» **Task goal**:
The lines below, from the one containing "Evo Morales, expresidente" through the one containing "Daily field checking", should be set down exactly, with no pictures and nothing else.

» **Source material**:

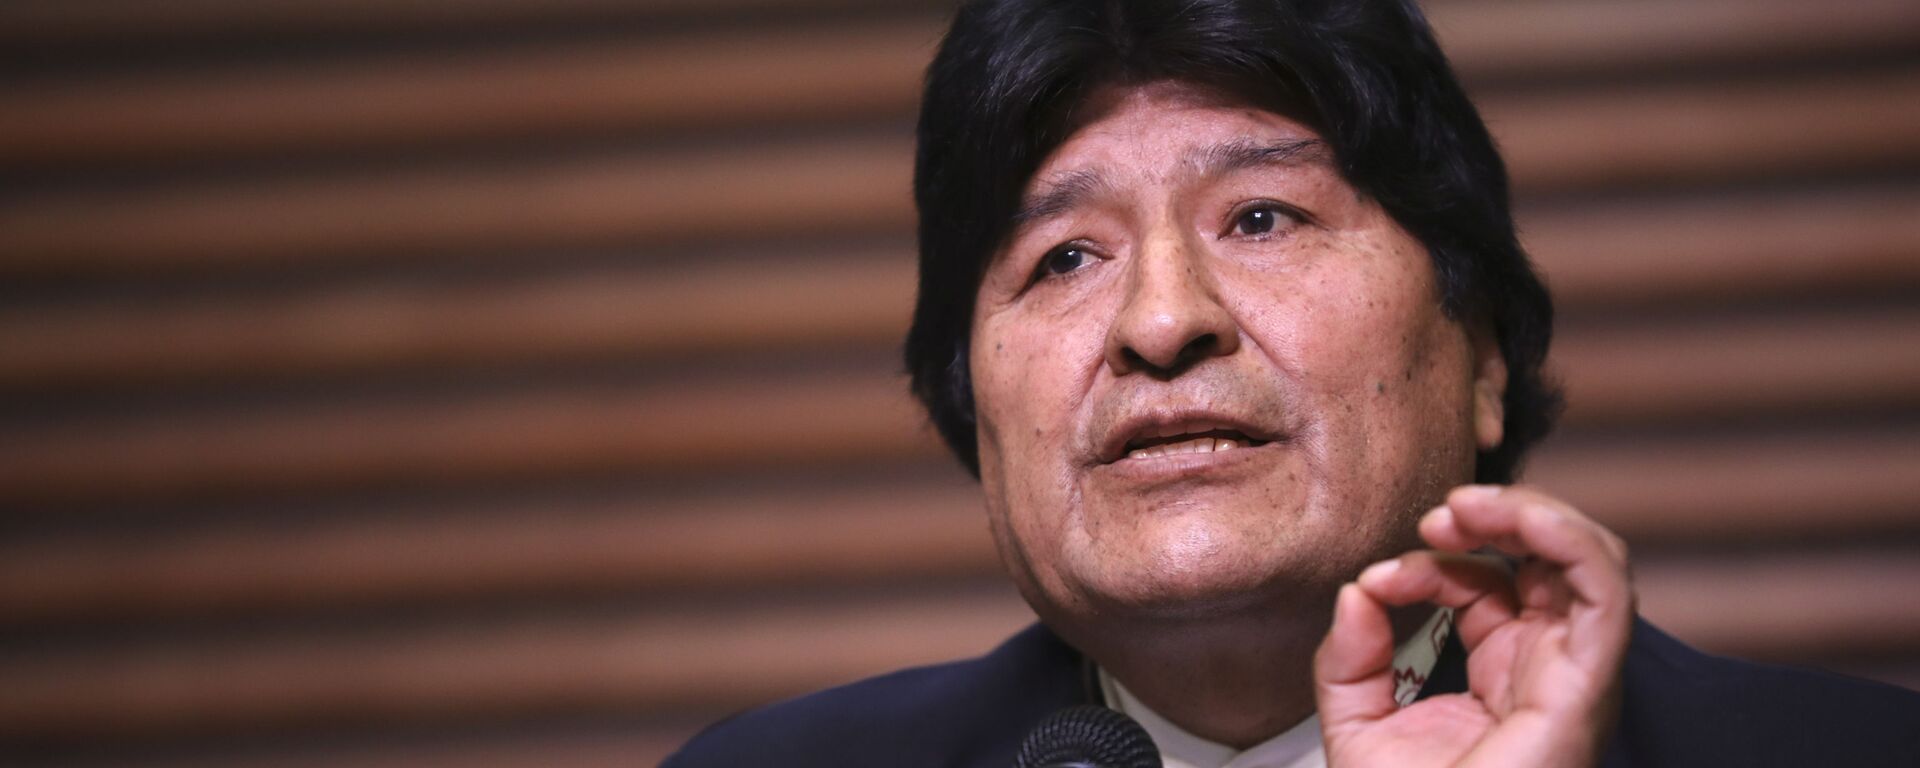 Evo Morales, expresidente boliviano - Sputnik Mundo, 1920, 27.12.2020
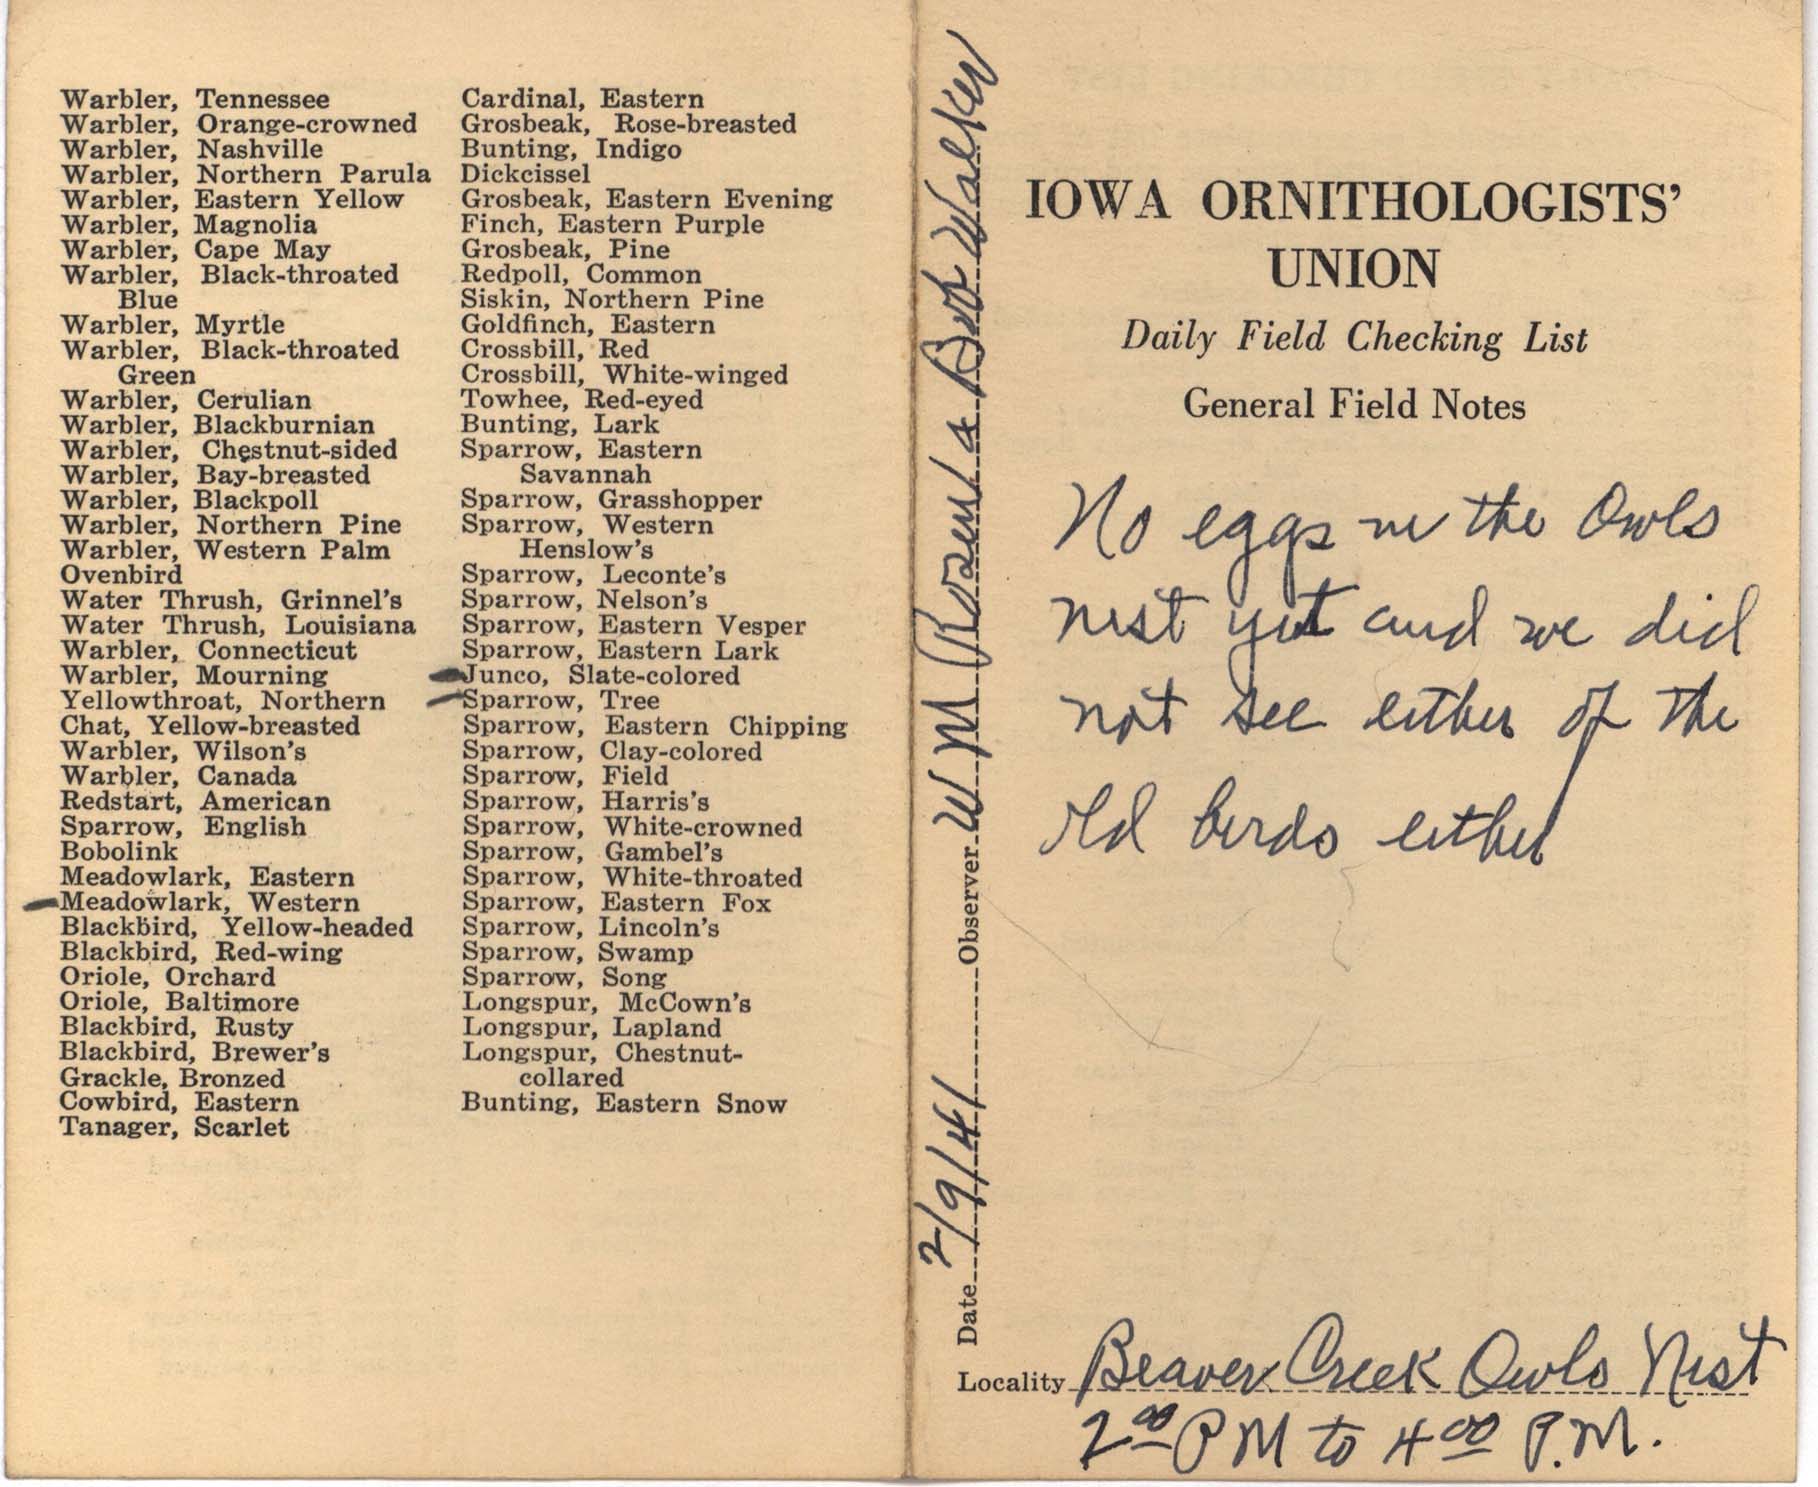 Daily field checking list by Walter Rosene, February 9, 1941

* * *

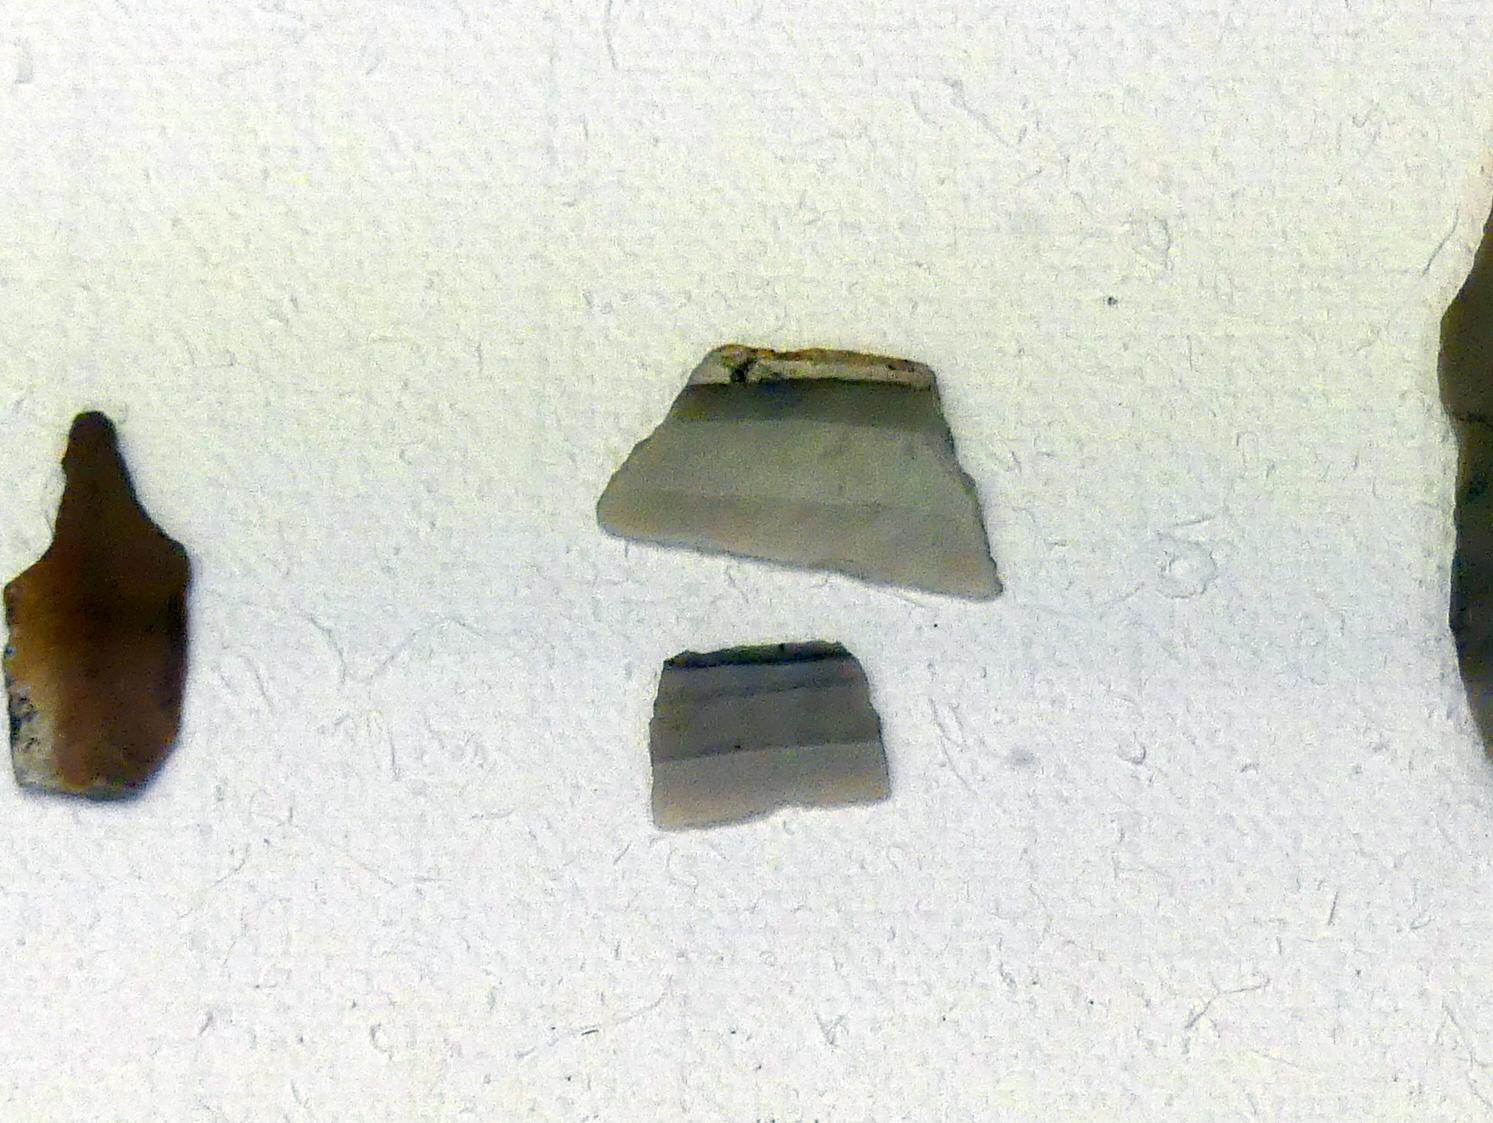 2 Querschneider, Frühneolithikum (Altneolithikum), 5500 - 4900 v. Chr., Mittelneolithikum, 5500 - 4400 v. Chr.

» **Answer to this task**:
 Evo Morales, expresidente boliviano - Sputnik Mundo, 1920, 27.12.2020
 Daily field checking list by Walter Rosene, February 9, 1941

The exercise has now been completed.